1981'in En İyi 12 Filmi

1981 sinema için harika bir yıldı. Yıl, görkemli klasiklerde ruhlarını geçmişle buluştururken yeni ve yenilikçi konseptlere tanık oldu. John Carpenter ileri atılırken, Wolfgang Petersen Alman savaşının duygularını uyandırmak için zamanda geriye doğru çevirdi. Steven Spielberg harika bir aksiyon filmi hazırlarken, Lawrence Kasdan heyecan verici bir hikaye yarattı.

1981 yılı için filmin kendisini engelleyen temaları, temsili ve oyunculuğu hesaba kattım. Bazıları film yapım sanatını yenilerken, diğerleri ölmekte olan türleri yeniden icat etti. İşte 1981'in en iyi filmlerinin listesi.

12. Londra'da Bir Amerikan Kurt Adam (1981)
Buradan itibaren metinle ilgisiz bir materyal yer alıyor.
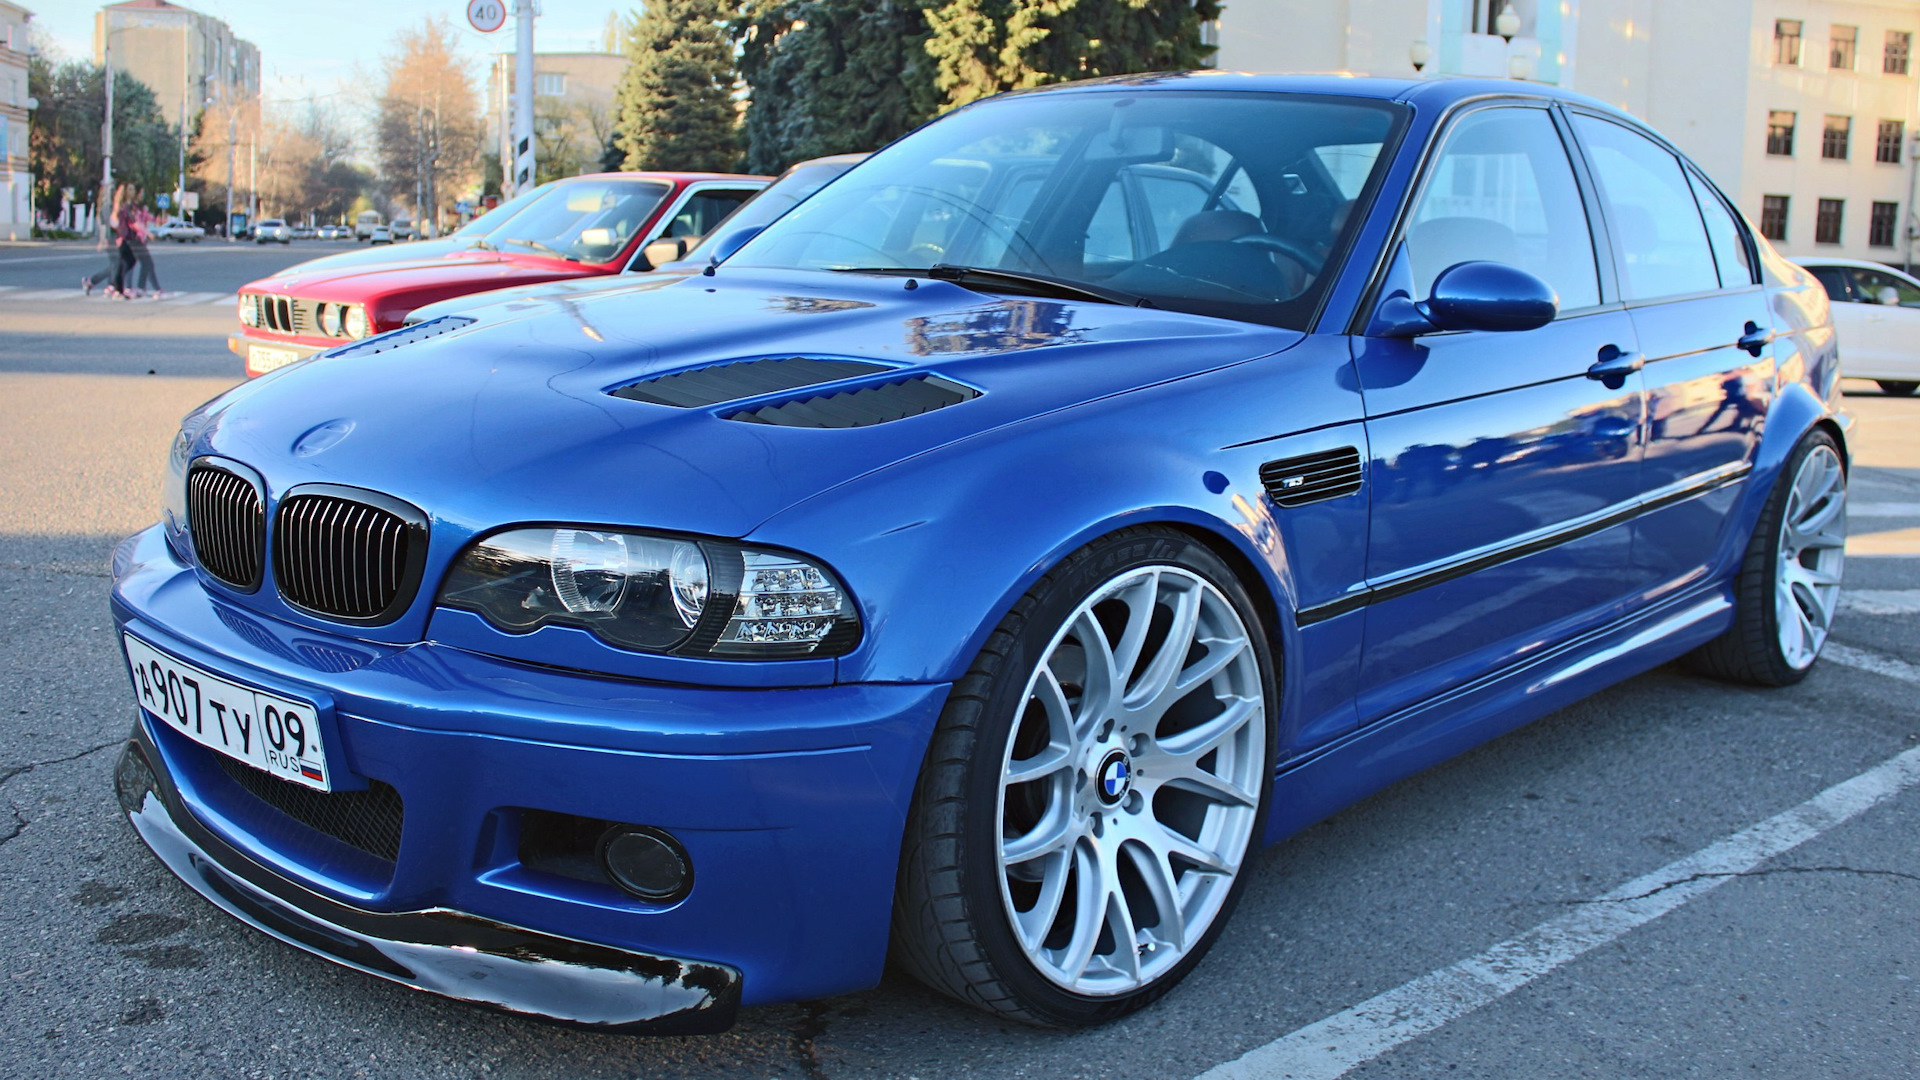 Е46 1. БМВ м3 е46 седан. BMW e46 Coupe. БМВ е46 седан синяя. BMW m3 e46 sedan.

Bir korku komedisi, 'Londra'daki Amerikan Kurt Adam', iki Amerikalı üniversite öğrencisi hakkındadır. David Kessler, David Naughton tarafından yazılmıştır ve Jack Goodman, İngiltere'de sırt çantalı bir tatilde bir kurt adam tarafından saldırıya uğrayan Griffin Dunne tarafından yazılmıştır. Yerlilerden hiçbiri yaratığın varlığını kabul etmediğinde işler endişe verici bir şekilde bulanıklaşır. Korku meraklıları arasında bir kült klasiği olan bu 1981 filmi, komedi ve korku türünü iç içe geçiren övgüye değer özel efektler kullandı. 1981'in yüksek profilli korku filmlerinin bir parçası olarak beklentiler oldukça yüksekti. Bu türün en yenilikçi filmlerinden biri olan 'Londra'da Bir Amerikan Kurt Adam', içten gelen korkuyu gıdıklayan komedi ile parlak bir şekilde resmetti ve o zamandan beri en sevilen korku komedilerinden biri haline geldi.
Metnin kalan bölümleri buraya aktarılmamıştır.